= Maple decline =

Maple decline is a term describing loss of vigor and dieback in forests or urban plantings of maple trees. It is not a disease or a syndrome, nor is it contagious or endemic. Instead, it is a generalized set of symptoms that may be applied to any species of tree suffering a wide range of different stressors.

Norway maple, red maple and sugar maple are the species most commonly affected. The trouble often starts after insect-induced defoliation, which weakens the trees and makes them more susceptible to secondary pathogens. Early signs of decline include small or scorched foliage, and premature fall colors on some of a tree's branches. Later, dead twigs may become visible as signs of distress become evident throughout the crown. As the tree's condition deteriorates, whole branches die. The tree may attempt to compensate for its diminishing crown by producing leafy shoots on its trunk. The defoliation may occur early enough that the tree may produce new leaves in summer that do not harden off before the first frost. Fruiting bodies of bracket fungi may appear on the trunk or in the crown. Eventually, the whole tree dies. The process from first signs of trouble to total death may span anywhere from a few years to several decades.

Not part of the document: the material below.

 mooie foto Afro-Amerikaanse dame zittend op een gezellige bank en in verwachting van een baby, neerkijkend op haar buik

In urban areas decline is aggravated by soil compaction or disturbance, soil pollution (caused by discarded cigarettes, pet droppings, careless or malicious use of herbicides, and road salt), air pollution and unfavorable moisture conditions. In rural areas, maple decline is often attributed to soil acidification caused by acid rain. Soils which have developed from nutrient-poor parent materials such as sandstone, quartzite and granite are most sensitive to acidification. Fertile areas often show maple decline where large numbers of livestock such as cattle are allowed to roam in woodlots, as herds or flocks of livestock can compact a soil to a degree which is unfavorable to many of the trees. Carelessness with machinery or taps in sugar bushes is a frequent cause of decline in sugar maple and black maple.

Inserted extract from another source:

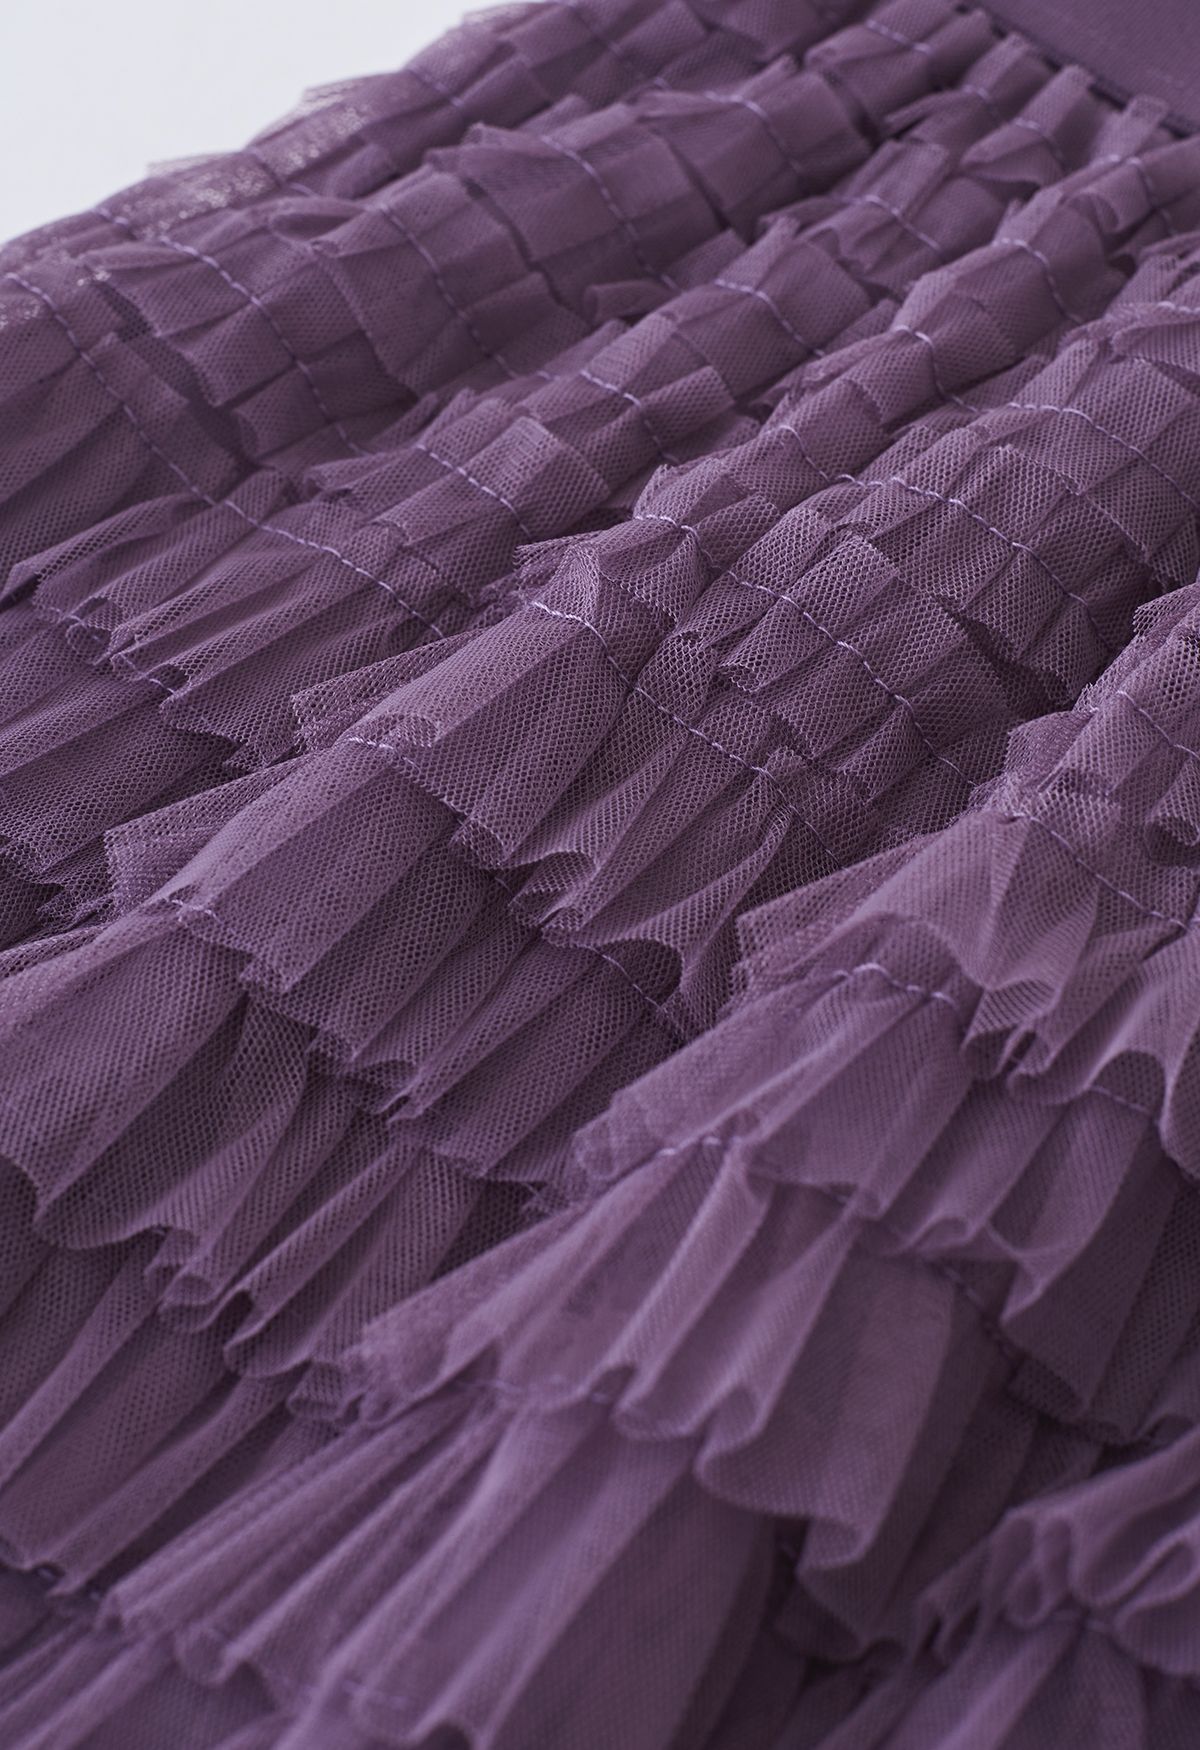 Swan Cloud Midi Skirt in Purple

Unusual weather conditions can also lead to maple decline. A classic example occurred across southern Quebec in 1981 when an exceptional February thaw destroyed the snow cover. Later, hard frost penetrated the unprotected ground. The soil was still frozen when the growing season began. Widespread dieback was seen over the remainder of the decade. Subsequent experimentation has verified that trees in Quebec are more likely to show stunted growth and dieback where snow cover is prevented from developing over a winter.